NASDAQ: NASDAQ is a major American stock exchange located in New York City, known for trading shares of technology and other growth-oriented companies. It is the second-largest stock exchange in the world by market capitalization, serving as a hub for innovative and high-performing public companies across various industries.
NYSE: The New York Stock Exchange (NYSE) is the world's largest stock exchange, located in New York City. It serves as a primary market for trading securities of publicly listed companies, allowing investors to buy and sell shares of stock in these corporations.
Pass-Through Taxation: Pass-through taxation refers to a tax structure where the income or losses of a business entity, such as a partnership, S corporation, or limited liability company, are passed through to the owners or shareholders and reported on their individual tax returns. This means the business itself is not subject to income tax, and the tax liability is passed through to the individuals who own the business.
S Corporation: An S corporation is a type of business structure that provides the limited liability benefits of a corporation while allowing the business to be taxed as a pass-through entity, similar to a partnership or sole proprietorship.

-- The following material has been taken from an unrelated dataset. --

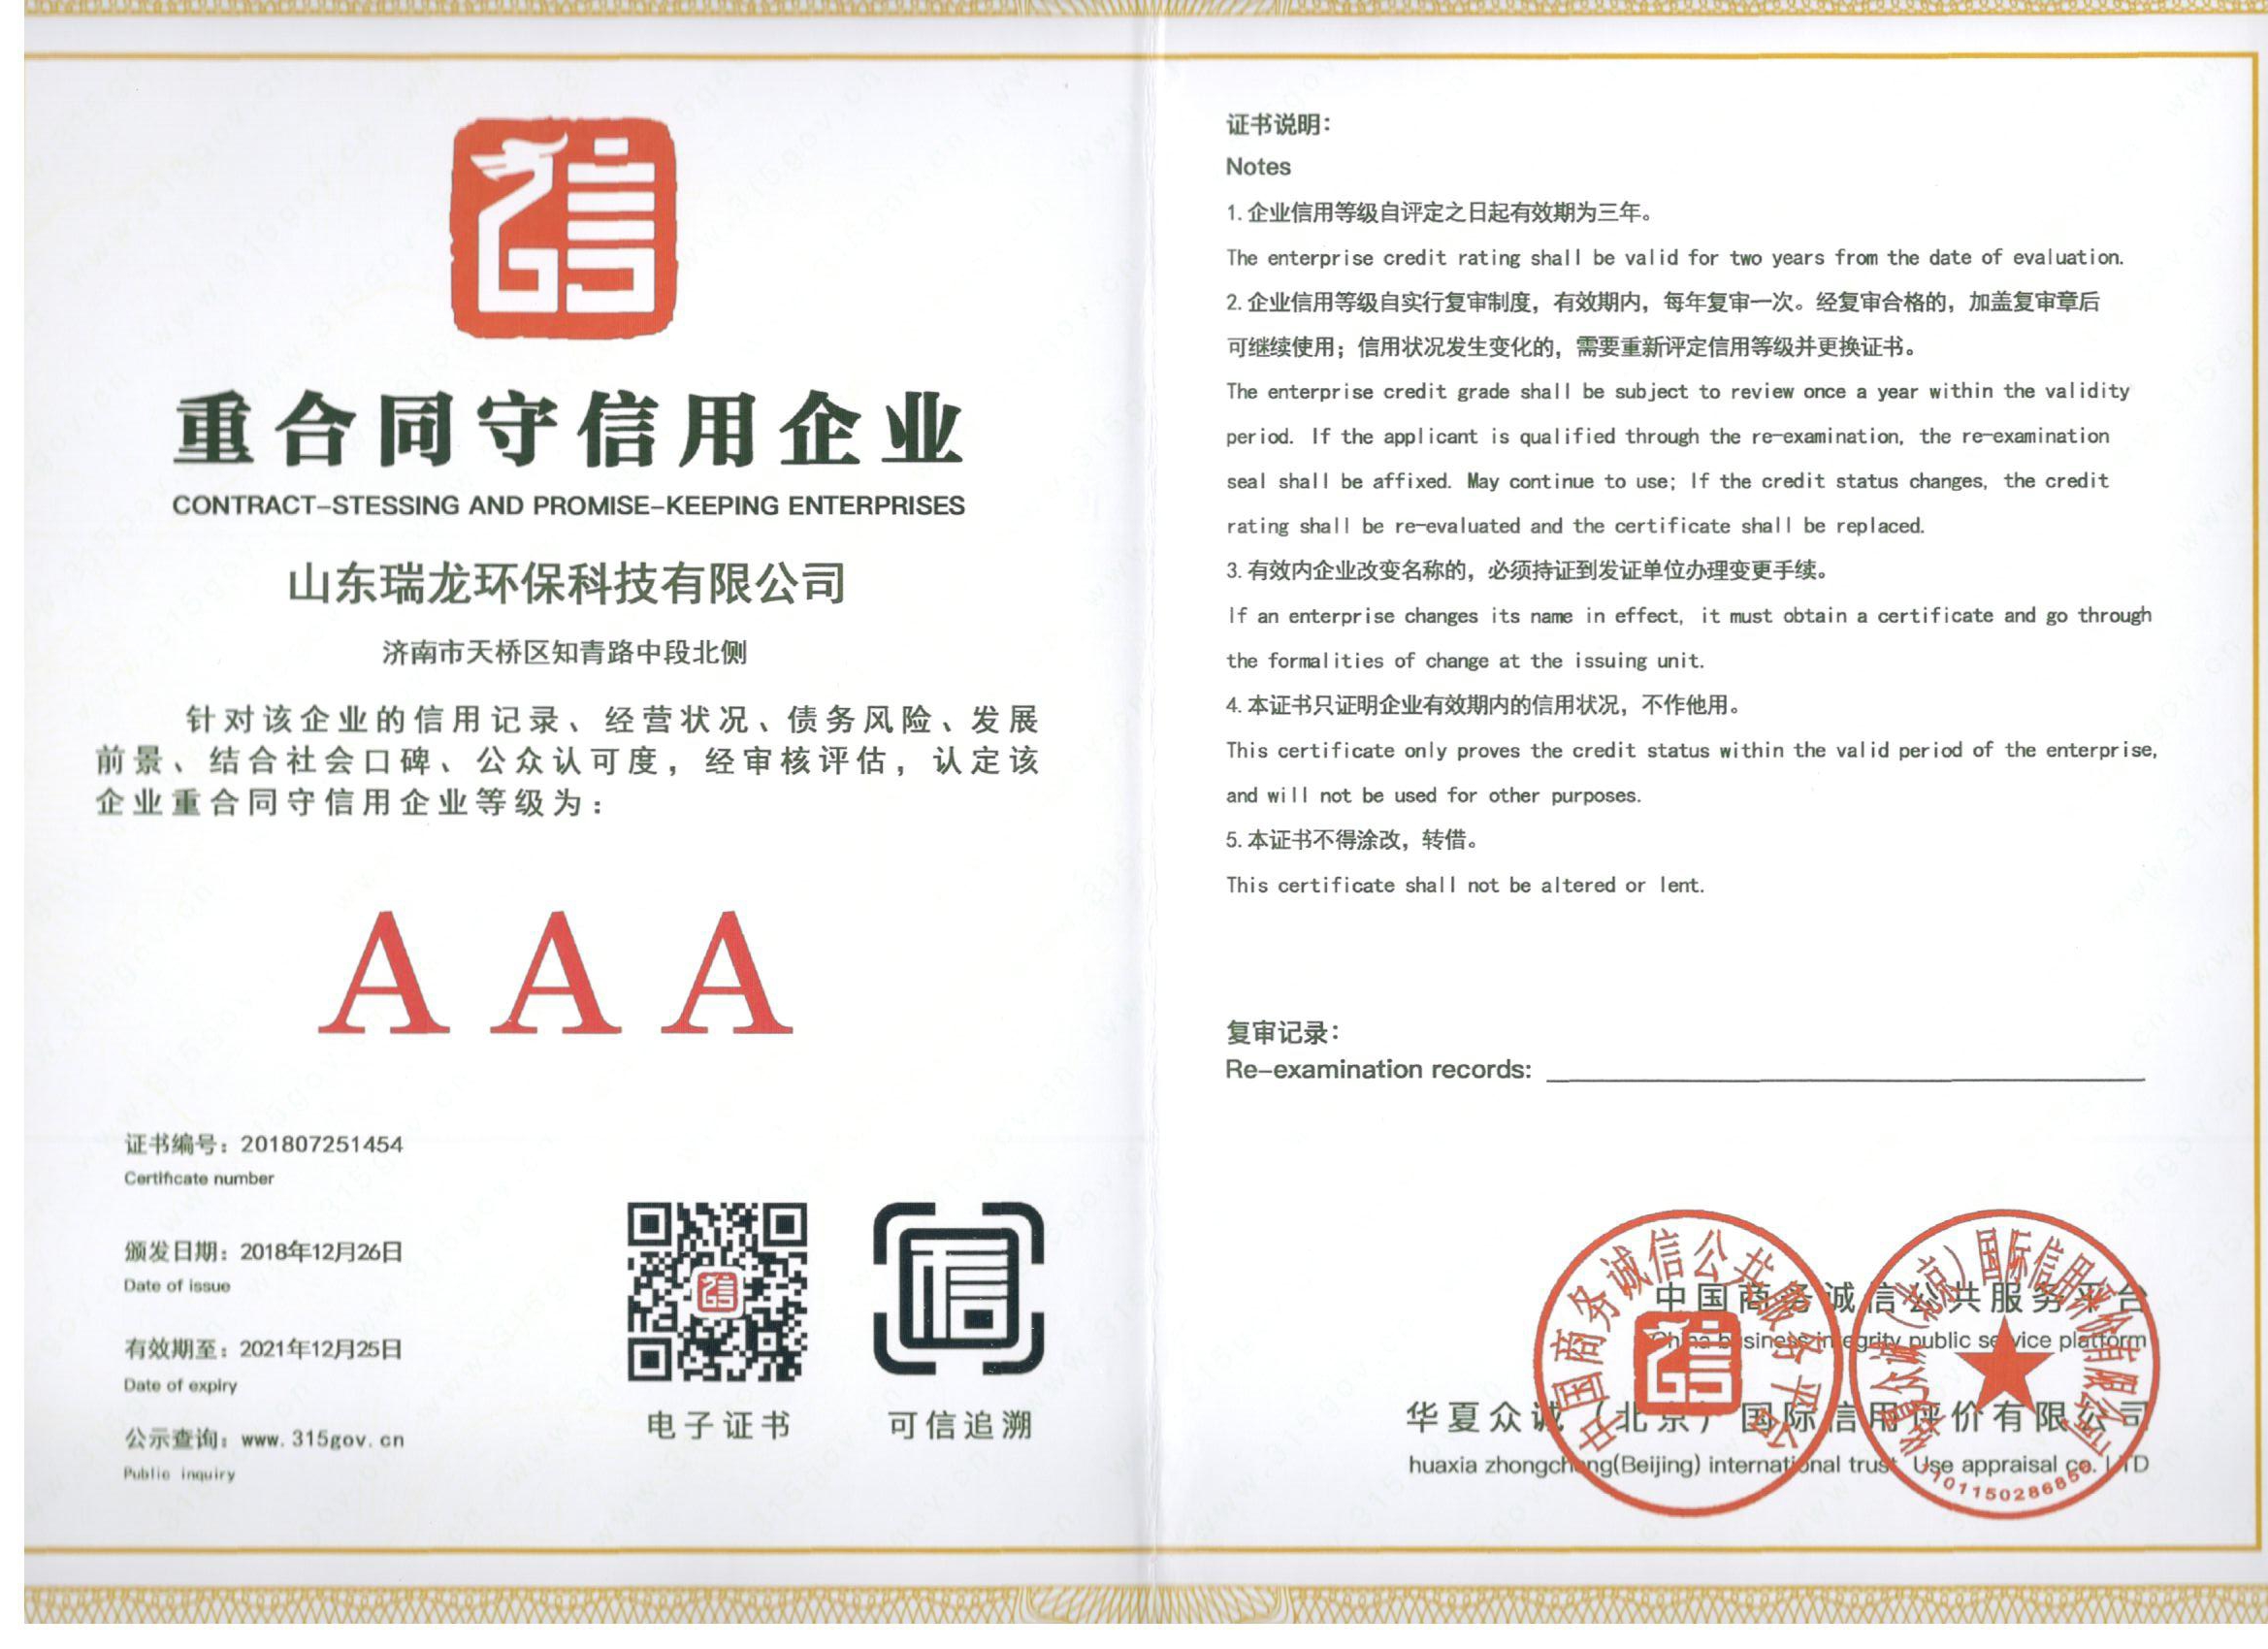 重合同守信用企业证书 Enterprise certificate of abiding by contract and keeping promise
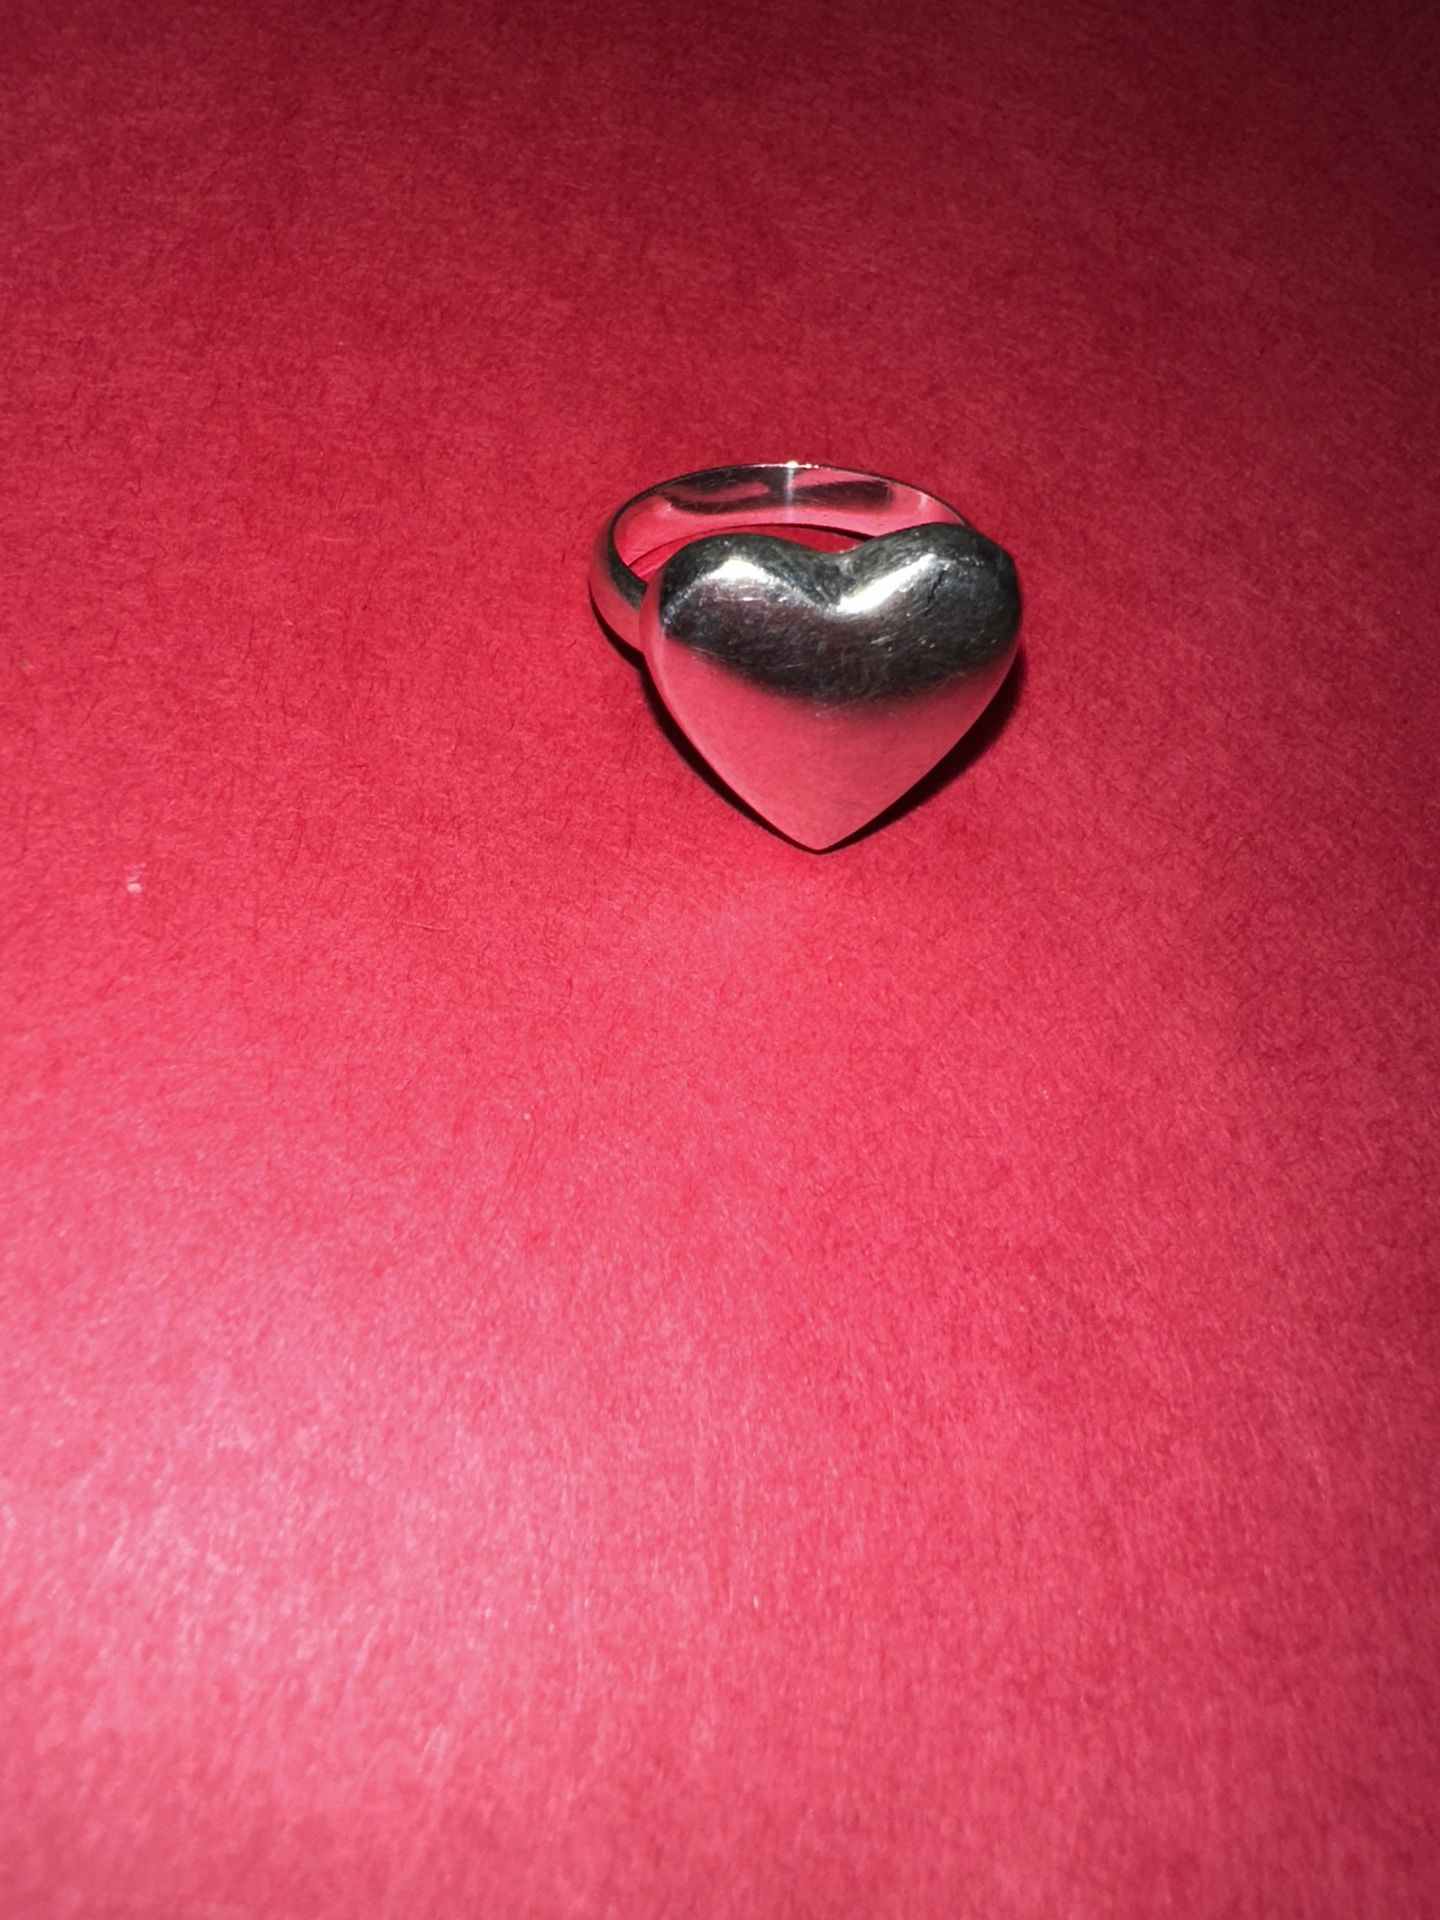 Vintage Heart Ring

This allows the corporation's income, losses, deductions, and credits to be passed through to the shareholders, who then report them on their personal tax returns.
SEC: The SEC, or the Securities and Exchange Commission, is an independent agency of the United States federal government that is responsible for regulating the securities industry, including the stock market, to protect investors, maintain fair and orderly functioning of securities markets, and facilitate capital formation.
Shareholders: Shareholders are the owners of a corporation, holding shares or stock in the company. They have a vested interest in the success and profitability of the business and are entitled to certain rights and responsibilities based on their ownership stake.